As a teacher, I have heard tales of a spate of over-intervention of parents. I don't see it too often in my own job. I have seen instances of it at the grad school level, where students will have their parents try to intervene with the professor to get a grade change (SERIOUSLY?!! You are an adult. You get to vote. Grow up!)
But the thing that is terrible about such programs is that it disempowers the kids and takes the responsibility for their success off of them. Sure, I want Johnny to turn in his work. I want Johnny's mom to help. What I don't want is Johnny's Mom to walk his work to my classroom at 7:20 AM because Johnny himself can't be organized enough not to lose it or to forget it.
Also, knowing a kid's grade minute-by-minute seems to lead you to a non-macro understanding of how well a kid is actually doing.
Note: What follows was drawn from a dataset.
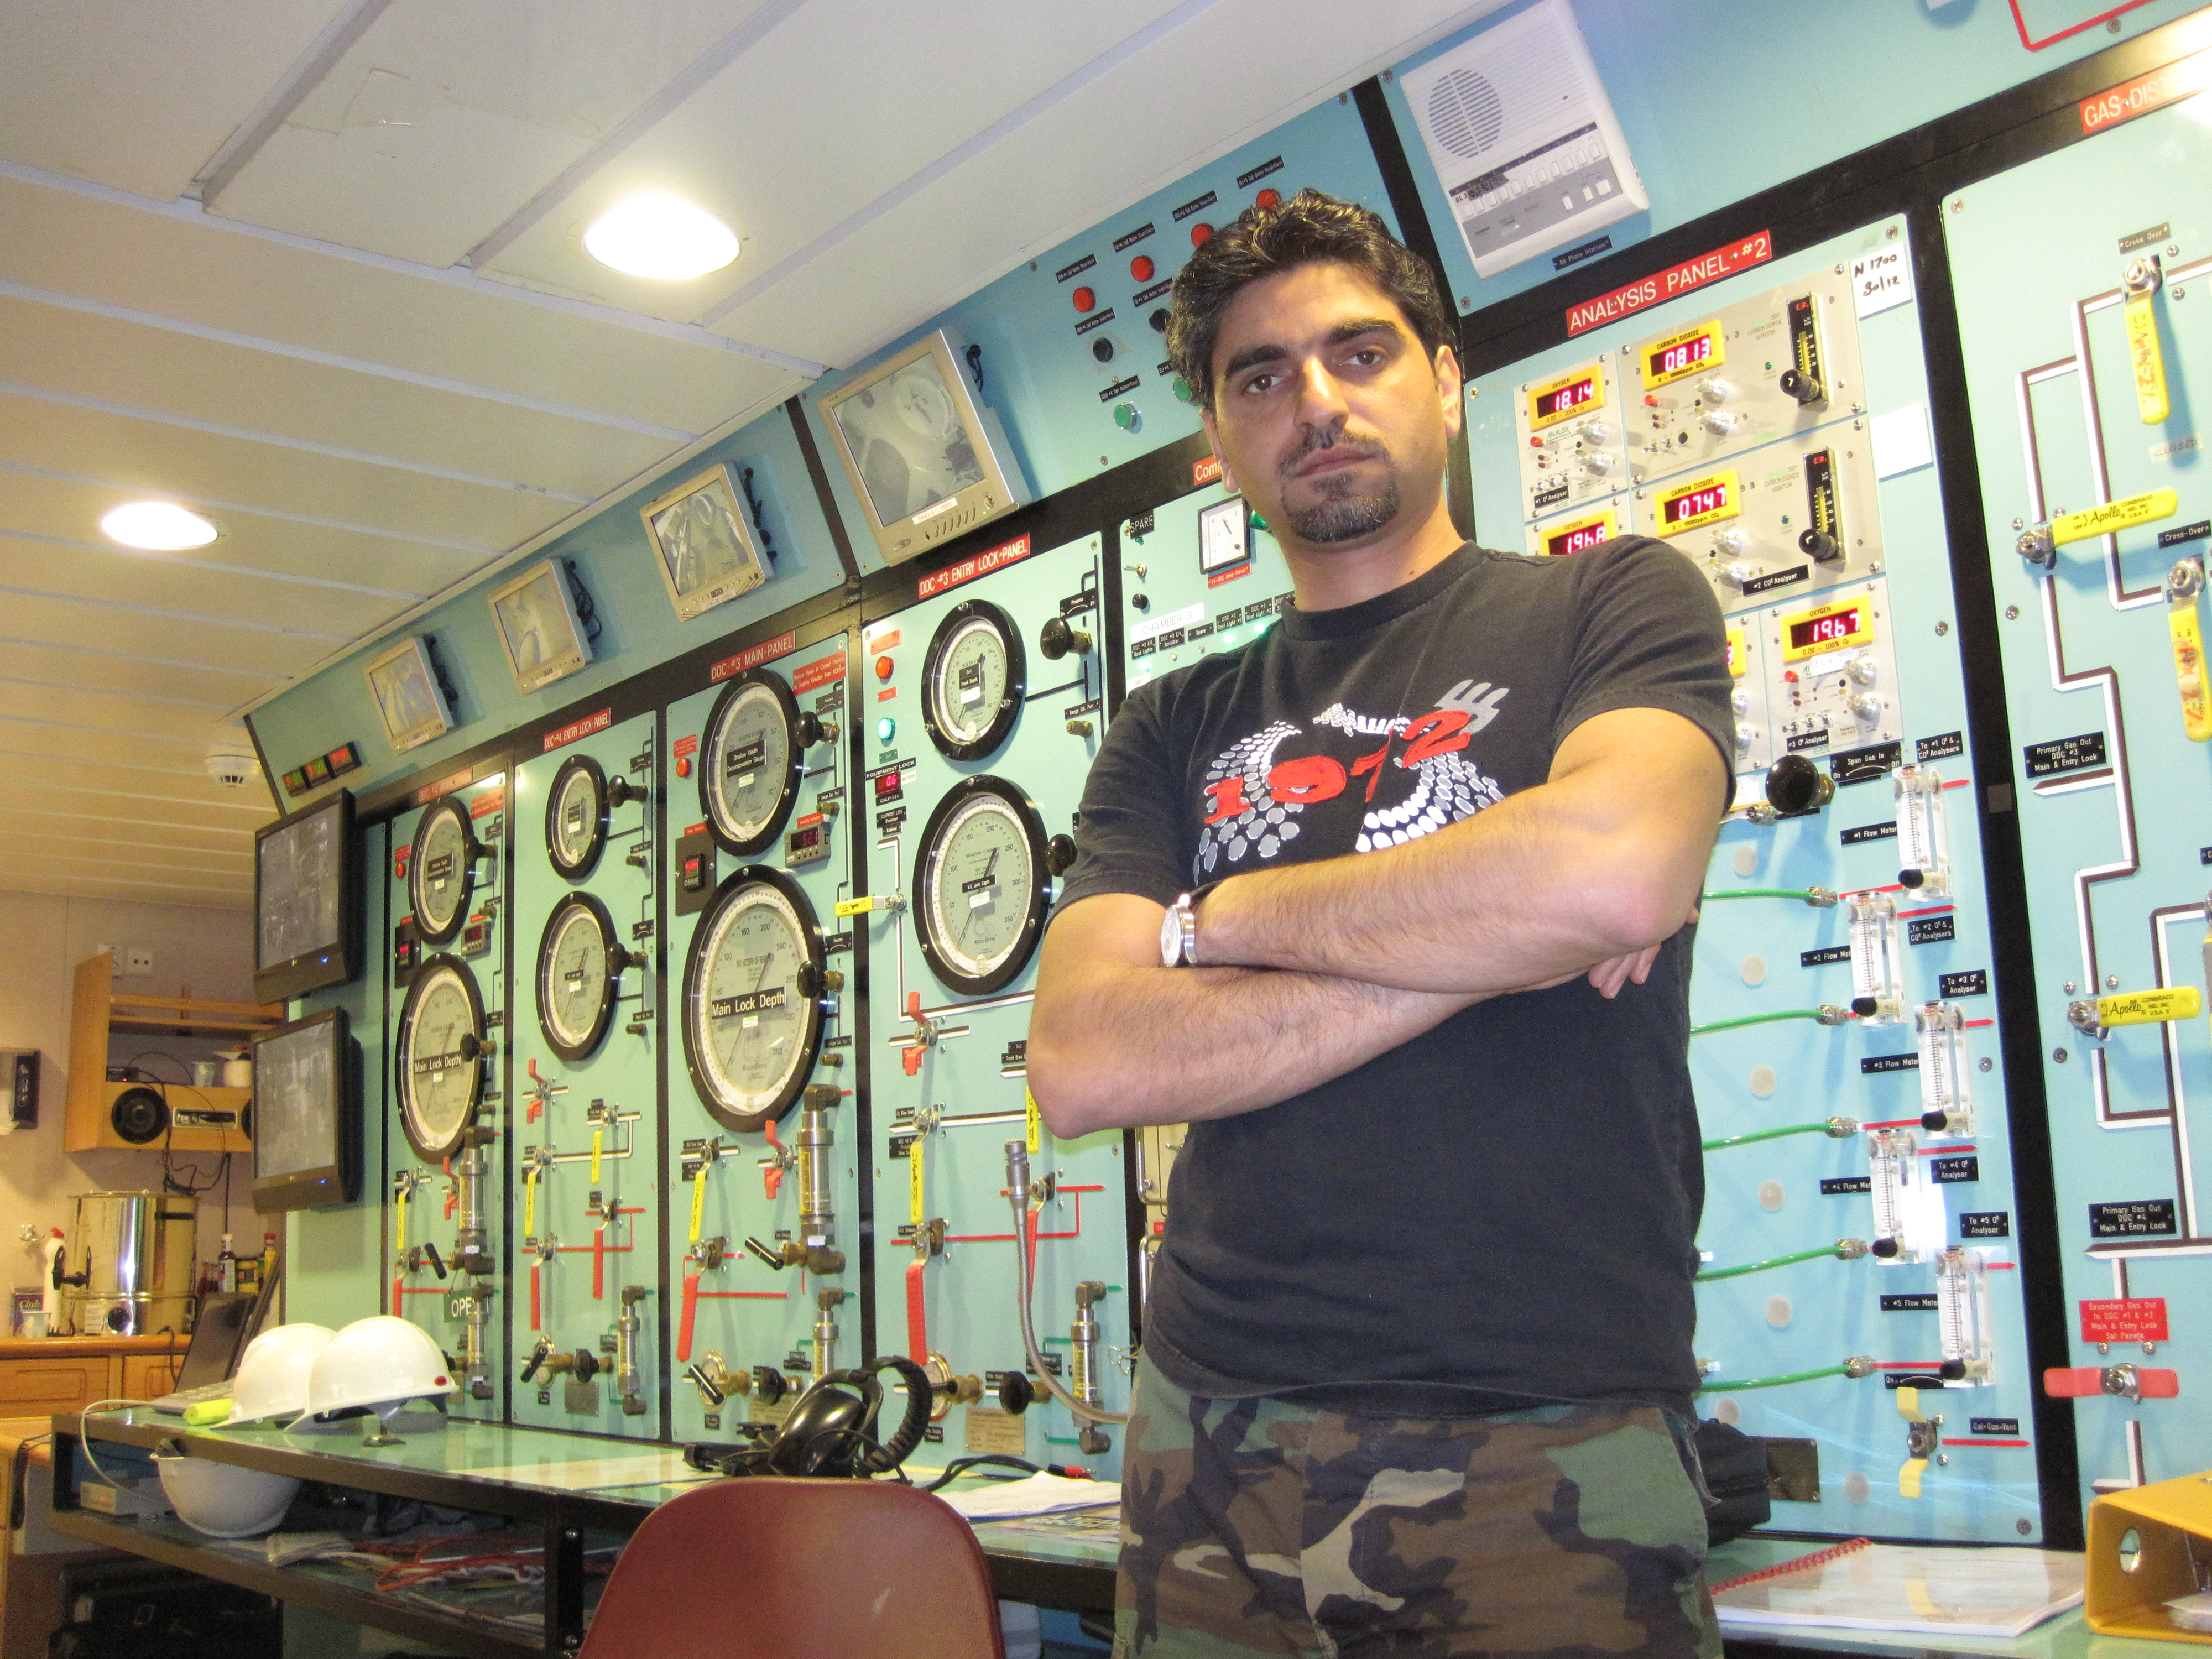 Youssef Abou Kashef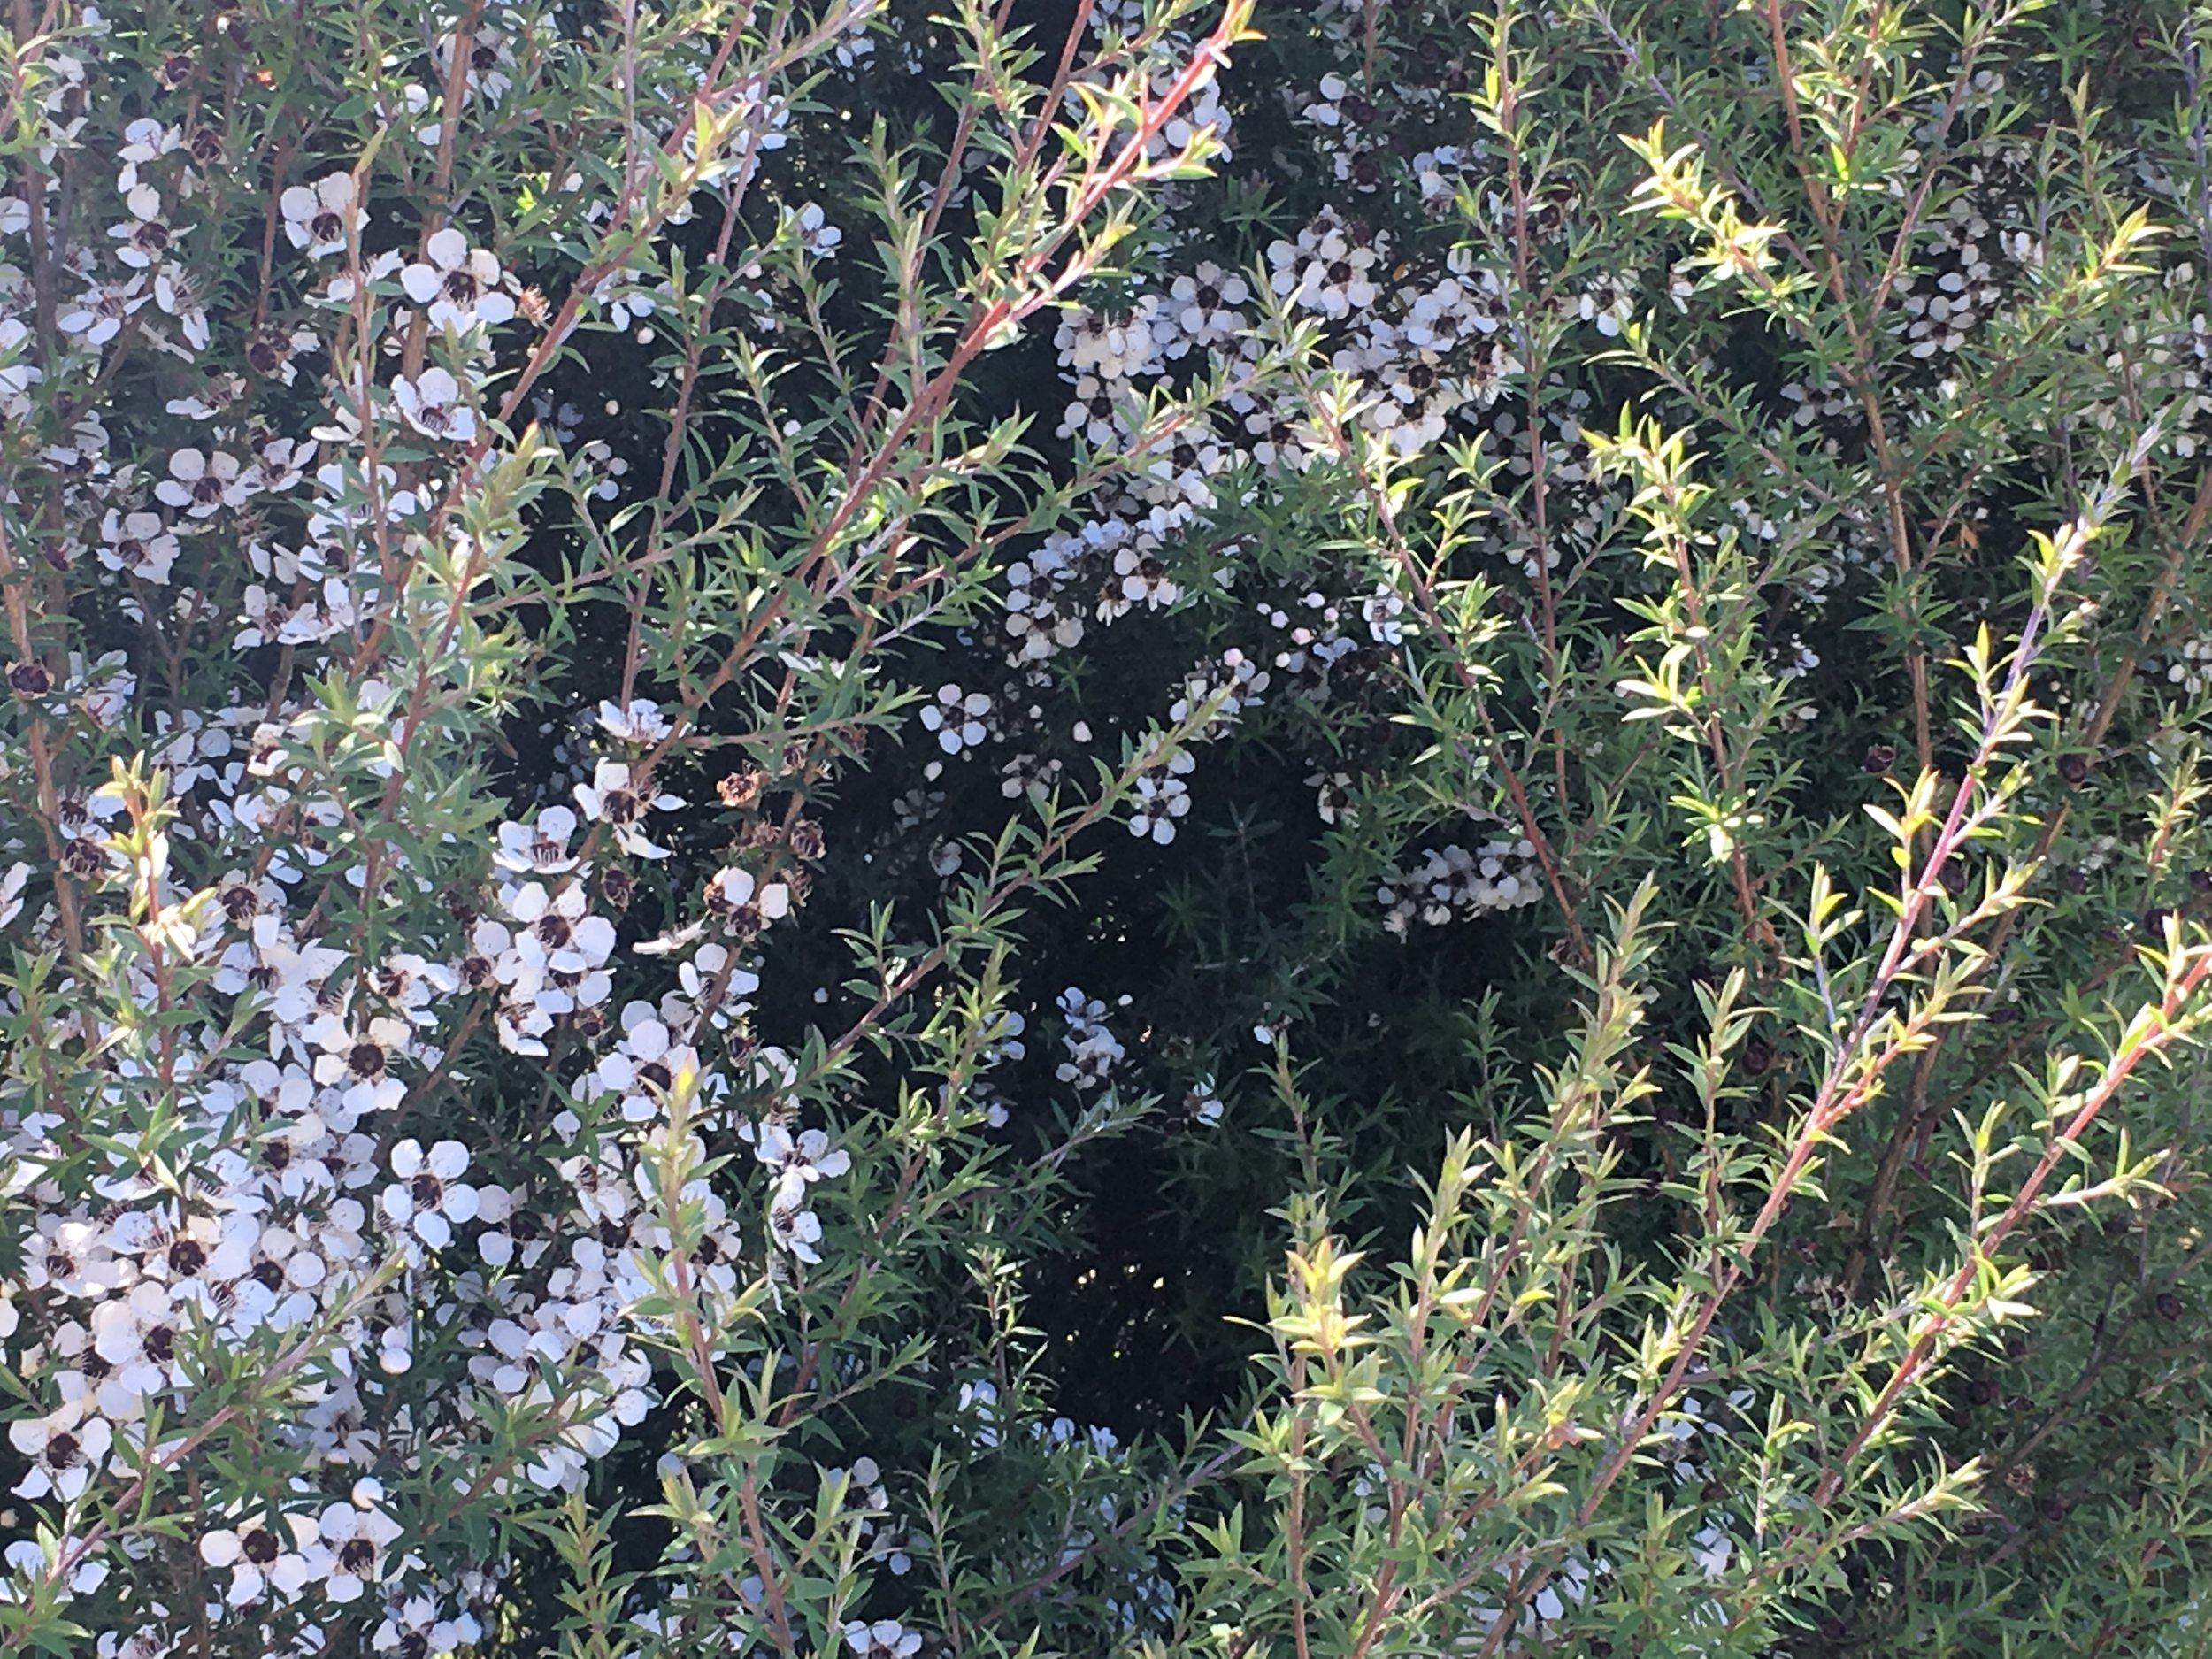 Manuka trees just starting to flower

It's a snapshot, in the same way that standardized tests are snapshots, of how a kid is doing at a given point in time. If they are spiraling downward, then yeah, intervene. But seriously? There are worse things than failing a class in 3th grade AND sometimes that failure is a good wake up for a kid.
I do understand the other hand though. The desire to control every aspect of what a kid does in order to make the outcome work out to the kid's maximum potential. And I catch myself doing it as a mom.
With Little Man crawling all over, I feel like this is the end of an chapter in his life. From this point on, it's a continual slow acquiescence of control by the parent. And it should be.
What I want most for my children is that they be self-reliant, competent, loving, and confident beings. Independence is a necessary component of that, but it means I can't fix it all and make it go right, not that I ever could.